Foreword¶

In addition to convolutional neural networks (CNNs), recurrent neural networks (RNNs) are also widely used in deep learning, especially for natural language processing tasks. In this chapter, we will learn how to implement an RNN using PaddlePaddle and use this network to train a sentiment analysis model.

Training the Model¶

Create a text_classification.py Python file. First, import the Python libraries. We’ve used fluid and numpy in previous chapters, so we won’t repeat those imports here. The key new import is the imdb library, which provides an English movie review dataset with two classes: positive and negative sentiment.

import paddle
import paddle.dataset.imdb as imdb
import paddle.fluid as fluid
import numpy as np

RNNs have evolved into several advanced variants, such as Long Short-Term Memory (LSTM) networks. The following code implements a simple RNN:

def rnn_net(ipt, input_dim):
    # Embed the input IDs
    emb = fluid.layers.embedding(input=ipt, size=[input_dim, 128], is_sparse=True)
    sentence = fluid.layers.fc(input=emb, size=128, act='tanh')

    rnn = fluid.layers.DynamicRNN()
    with rnn.block():
        word = rnn.step_input(sentence)
        prev = rnn.memory(shape=[128])
        hidden = fluid.layers.fc(input=[word, prev], size=128, act='relu')
        rnn.update_memory(prev, hidden)
        rnn.output(hidden)

    last = fluid.layers.sequence_last_step(rnn())
    out = fluid.layers.fc(input=last, size=2, act='softmax')
    return out

The following code implements a simple LSTM network, which addresses the vanishing/exploding gradient problems of RNNs with long sequences:

# Define the LSTM network
def lstm_net(ipt, input_dim):
    # Embed the input IDs
    emb = fluid.layers.embedding(input=ipt, size=[input_dim, 128], is_sparse=True)
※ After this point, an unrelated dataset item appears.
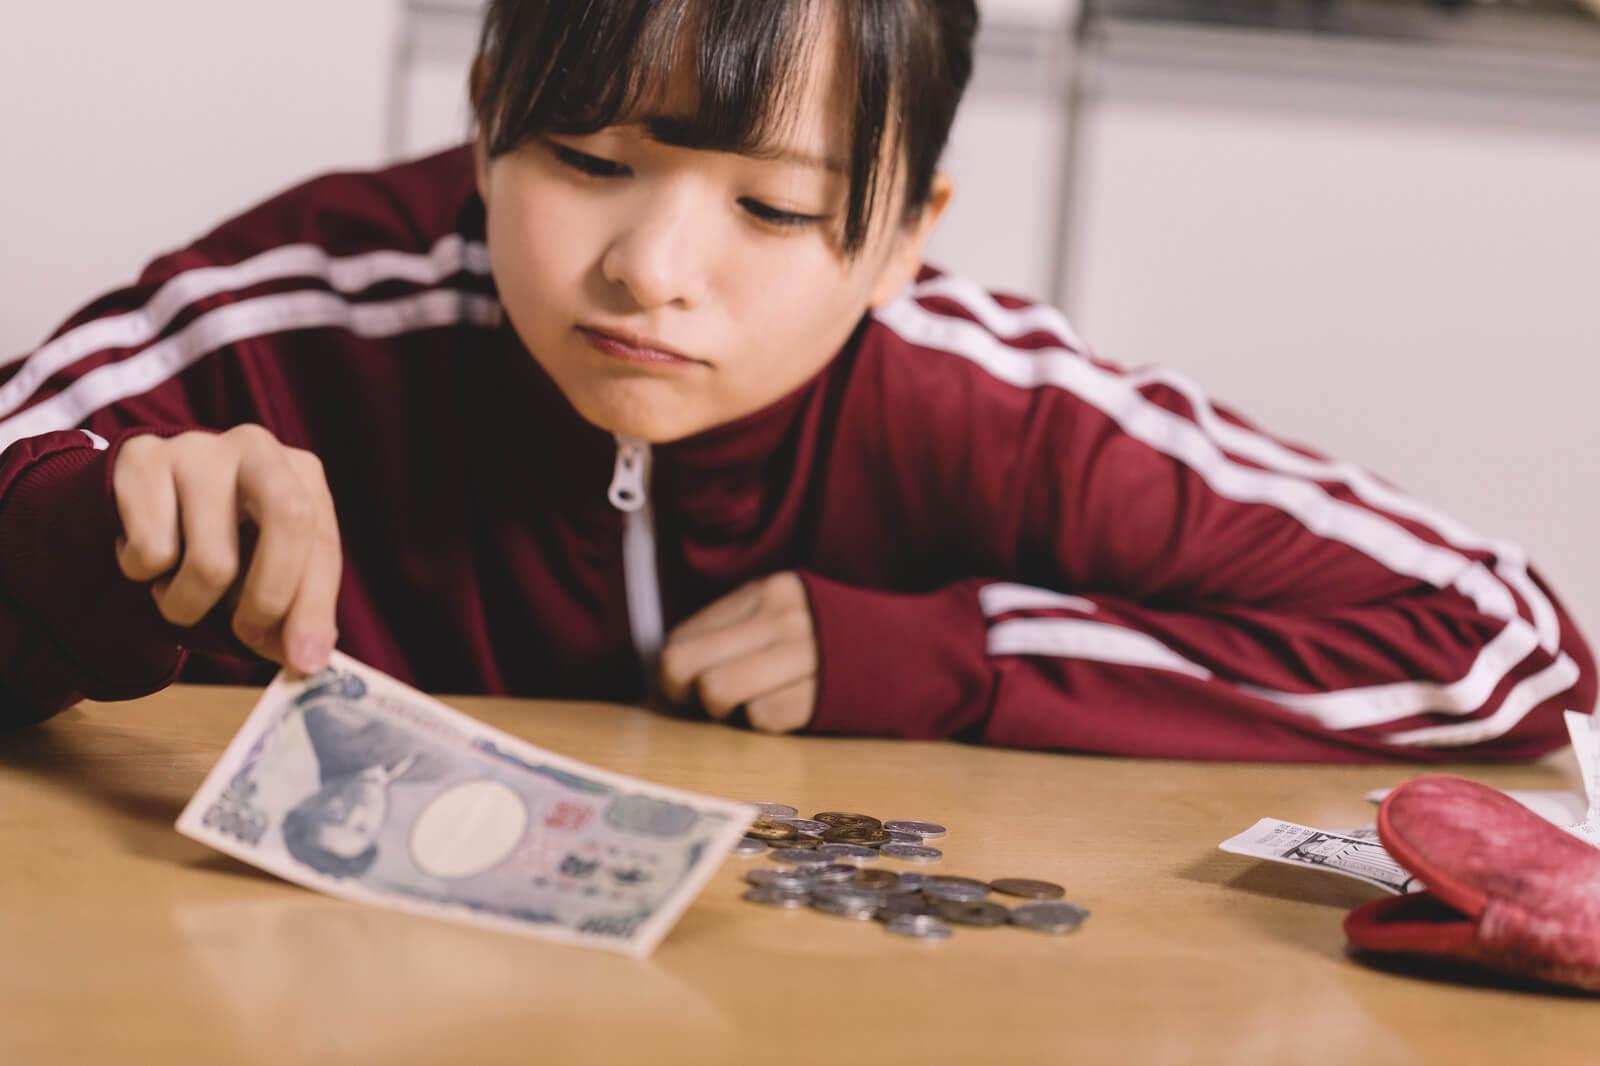 金欠に苦しむ貧困女子 [モデル:千歳]

    # First fully connected layer
    fc1 = fluid.layers.fc(input=emb, size=128)
    # Apply dynamic LSTM operation
    lstm1, _ = fluid.layers.dynamic_lstm(input=fc1, size=128)

    # Max sequence pooling
    fc2 = fluid.layers.sequence_pool(input=fc1, pool_type='max')
    lstm2 = fluid.layers.sequence_pool(input=lstm1, pool_type='max')

    # Output layer with softmax
    out = fluid.layers.fc(input=[fc2, lstm2], size=2, act='softmax')
    return out

Define the input layer, noting that the data is sequential, so we set lod_level=1 to indicate sequence data:

# Define input data with lod_level=1 for sequence data
words = fluid.layers.data(name='words', shape=[1], dtype='int64', lod_level=1)
label = fluid.layers.data(name='label', shape=[1], dtype='int64')

Load the data dictionary, which maps words to integer IDs in the training set:

# Load the data dictionary
print("Loading data dictionary...")
word_dict = imdb.word_dict()
dict_dim = len(word_dict)

Select the network architecture (LSTM is recommended here):

# Choose the network: LSTM or RNN
model = lstm_net(words, dict_dim)
# model = rnn_net(words, dict_dim)  # Uncomment to use RNN

Define the loss function (cross-entropy for classification) and accuracy metric:

# Define loss and accuracy
cost = fluid.layers.cross_entropy(input=model, label=label)
avg_cost = fluid.layers.mean(cost)
acc = fluid.layers.accuracy(input=model, label=label)

Clone the test program for evaluation:

# Create a test program for evaluation
test_program = fluid.default_main_program().clone(for_test=True)

Define the optimizer (Adagrad for sparse data) with learning rate 0.002:

# Define optimizer
optimizer = fluid.optimizer.AdagradOptimizer(learning_rate=0.002)
opt = optimizer.minimize(avg_cost)

Initialize the executor (use GPU if available with fluid.CUDAPlace(0)):

# Create executor
place = fluid.CPUPlace()
# place = fluid.CUDAPlace(0)  # Uncomment for GPU
exe = fluid.Executor(place)
exe.run(fluid.default_startup_program())

Load and preprocess training/test data with batching and shuffling:

# Load training and test data
print("Loading training data...")
train_reader = paddle.batch(paddle.reader.shuffle(imdb.train(word_dict), 25000), batch_size=128)
print("Loading test data...")
test_reader = paddle.batch(imdb.test(word_dict), batch_size=128)

Define the data feeder:

# Define data feeder
feeder = fluid.DataFeeder(place=place, feed_list=[words, label])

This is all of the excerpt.